Varna, Illinois, United States Varna, Azerbaijan
Varna, New York, United States Varna, Serbia
Varna, Washington, United States Varna [Jaunanna], Aluksnes, Latvia
Varna, Bolzano, Trentino-Alto Adige, Italy Varna [Varnas], Cesu, Latvia
Varna, Ostergotlands, Sweden Varna [Daksti], Valkas, Latvia
Varna, Chelyabinsk, Russia and Varna, Bulgaria !

Devnya, the vampires capital

The ugly, industrial town of Devnya, 30km west of Varna, is now known only for its highly noxious chemical industry, but during the last century its reputation was widespread as Bulgaria's vampire capital. Reports brought back from the Black Sea region by nineteenth-century travellers reveal that belief in vampires was widespread among the Bulgarian peasantry of the time. Travelling in the 1880s, the Czech Balkanologist Konstantin Jirecek found a wealth of vampire lore in the isolated rural communities west of Varna, with inexplicable illnesses among humans, and particularly sheep – the region's main source of income – being attributed to a visitation by some bloodthirsty demon, and local wise men (known as vampirdzhiya or dzhadzhiya) being paid handsomely by villagers to drive the fiends away. According to Jirecek, the vampire hunters of Devnya were considered the best in eastern Bulgaria.

The belief was that people became vampires if proper burial customs were not observed or if certain portentous events happened before their death: for example, a shadow passing across their body, or a dog or cat jumping across their path. After burial, an invisible spirit would rise up from the grave each night, feeding off local flocks and bringing listlessness and ill health to the human population. Vampires could also assume solid form, often living among humans for many years, getting married and having children before being detected. To chase the vampires away, a dzhadzhiya would be summoned to walk among the flocks, holding an icon aloft. The icon also came in handy when trying to identify the resting place of the vampire. If it began to tremble when held above a particular grave, it meant that the culprit had been found. The best way to deal with a vampire was to exhume the body, stab it through the heart with a hawthorn branch, then burn it with kindling taken from the same shrub. If the vampire was in spirit form, it could be driven into a bottle which was then thrown onto a fire.

The beliefs noted by Jirecek were by no means isolated cases. The British travellers St Clair and Brophy, who lived in a village south of Varna in the 1860s, wrote of a boy forbidden from marrying his sweetheart because locals earnestly believed that he was of vampire descent. They also relate how peasants in a neighbouring village burned a man alive for vampirism, because he was fond of nocturnal walks and was "found to have only one nostril".

According to Jirecek, the best vampire hunters were thought to be descended from vâlkodlatsi, literally werewolves, who resulted from the sexual union of a vampire and a young maiden, and were the only living beings who could see vampire spirits.

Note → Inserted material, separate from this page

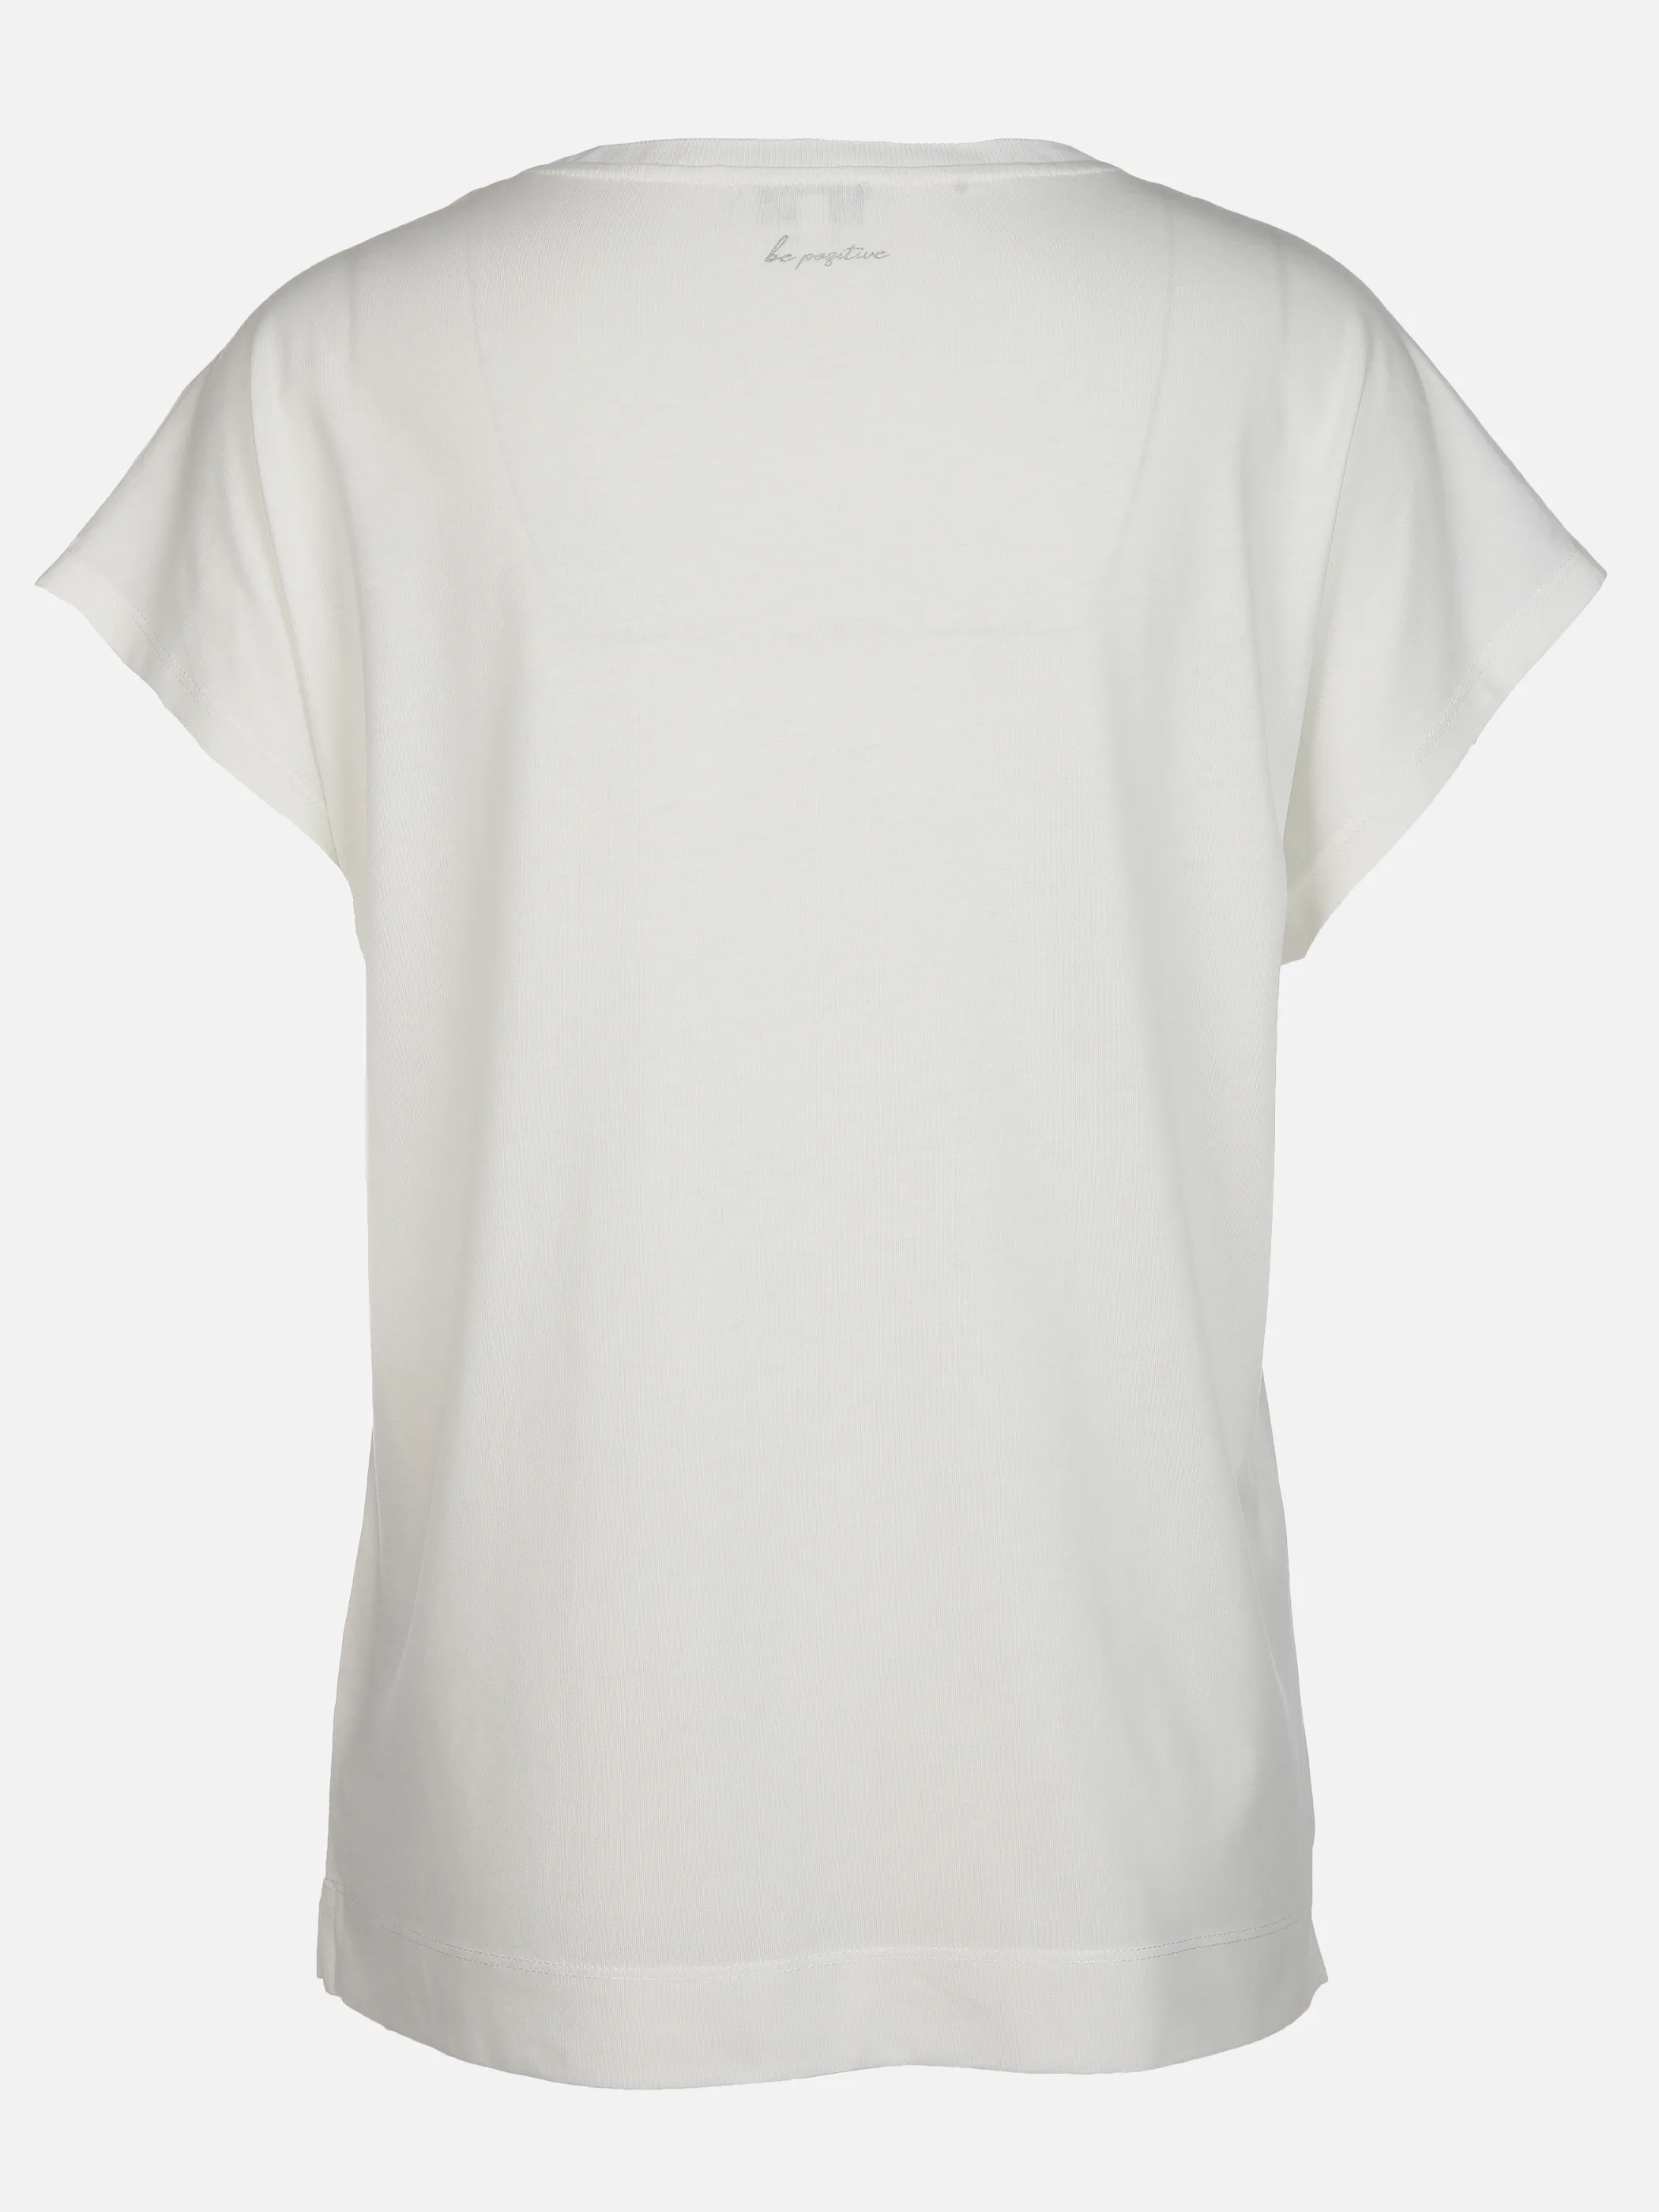 Lisa Tossa Da-T-Shirt m. Straßapplikation Weiß 893032 OFFWHITE 2

The vâlkodlatsi's vampire-hunting descendants were also thought to have another supernatural power: the ability to detect buried treasure. In an area full of ancient Thracian, Roman and Byzantine remains, it's not difficult to see why the idea of hidden hordes of goblets and coins – all waiting to be unearthed by the lucky peasant – exerted such a hold on the popular imagination.

Another associated piece of local lore concerns the Lake of Varna (a fjord-like inlet stretching west from the city), which used to be known as Vampire Lake. According to popular belief, the lake required an annual human sacrifice, the last recorded instance of which was in 1933, when one Ana Konstantinova went swimming there despite warnings, and was duly sucked underwater.